### TASK REQUIREMENTS
Please print every line of the material below exactly.
================
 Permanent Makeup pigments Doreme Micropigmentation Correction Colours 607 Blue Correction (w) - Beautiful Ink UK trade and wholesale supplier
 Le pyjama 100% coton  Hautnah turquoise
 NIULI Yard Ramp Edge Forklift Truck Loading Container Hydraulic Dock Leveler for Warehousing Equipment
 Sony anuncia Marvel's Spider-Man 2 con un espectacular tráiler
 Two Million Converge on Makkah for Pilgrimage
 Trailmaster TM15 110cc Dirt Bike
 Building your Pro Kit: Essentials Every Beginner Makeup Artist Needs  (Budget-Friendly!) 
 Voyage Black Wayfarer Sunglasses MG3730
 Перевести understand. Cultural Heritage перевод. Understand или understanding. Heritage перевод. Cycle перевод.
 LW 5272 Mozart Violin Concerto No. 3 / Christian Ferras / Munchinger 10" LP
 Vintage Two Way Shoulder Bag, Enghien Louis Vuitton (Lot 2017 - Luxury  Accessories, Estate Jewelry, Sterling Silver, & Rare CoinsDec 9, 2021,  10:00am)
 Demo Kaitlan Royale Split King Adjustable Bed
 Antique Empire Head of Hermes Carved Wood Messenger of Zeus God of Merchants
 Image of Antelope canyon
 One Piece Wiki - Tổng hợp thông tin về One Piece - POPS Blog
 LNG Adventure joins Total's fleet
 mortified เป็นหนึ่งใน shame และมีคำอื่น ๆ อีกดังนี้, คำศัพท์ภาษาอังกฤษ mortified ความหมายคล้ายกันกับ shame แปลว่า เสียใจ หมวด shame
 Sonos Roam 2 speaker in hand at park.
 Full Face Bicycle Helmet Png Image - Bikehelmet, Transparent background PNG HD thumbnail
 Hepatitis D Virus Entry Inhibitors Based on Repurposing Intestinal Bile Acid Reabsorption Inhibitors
================
### RESPONSE TO THIS EXERCISE
 Permanent Makeup pigments Doreme Micropigmentation Correction Colours 607 Blue Correction (w) - Beautiful Ink UK trade and wholesale supplier
 Le pyjama 100% coton  Hautnah turquoise
 NIULI Yard Ramp Edge Forklift Truck Loading Container Hydraulic Dock Leveler for Warehousing Equipment
 Sony anuncia Marvel's Spider-Man 2 con un espectacular tráiler
 Two Million Converge on Makkah for Pilgrimage
 Trailmaster TM15 110cc Dirt Bike
 Building your Pro Kit: Essentials Every Beginner Makeup Artist Needs  (Budget-Friendly!) 
 Voyage Black Wayfarer Sunglasses MG3730
 Перевести understand. Cultural Heritage перевод. Understand или understanding. Heritage перевод. Cycle перевод.
 LW 5272 Mozart Violin Concerto No. 3 / Christian Ferras / Munchinger 10" LP
 Vintage Two Way Shoulder Bag, Enghien Louis Vuitton (Lot 2017 - Luxury  Accessories, Estate Jewelry, Sterling Silver, & Rare CoinsDec 9, 2021,  10:00am)
 Demo Kaitlan Royale Split King Adjustable Bed
 Antique Empire Head of Hermes Carved Wood Messenger of Zeus God of Merchants
 Image of Antelope canyon
 One Piece Wiki - Tổng hợp thông tin về One Piece - POPS Blog
 LNG Adventure joins Total's fleet
 mortified เป็นหนึ่งใน shame และมีคำอื่น ๆ อีกดังนี้, คำศัพท์ภาษาอังกฤษ mortified ความหมายคล้ายกันกับ shame แปลว่า เสียใจ หมวด shame
 Sonos Roam 2 speaker in hand at park.
 Full Face Bicycle Helmet Png Image - Bikehelmet, Transparent background PNG HD thumbnail
 Hepatitis D Virus Entry Inhibitors Based on Repurposing Intestinal Bile Acid Reabsorption Inhibitors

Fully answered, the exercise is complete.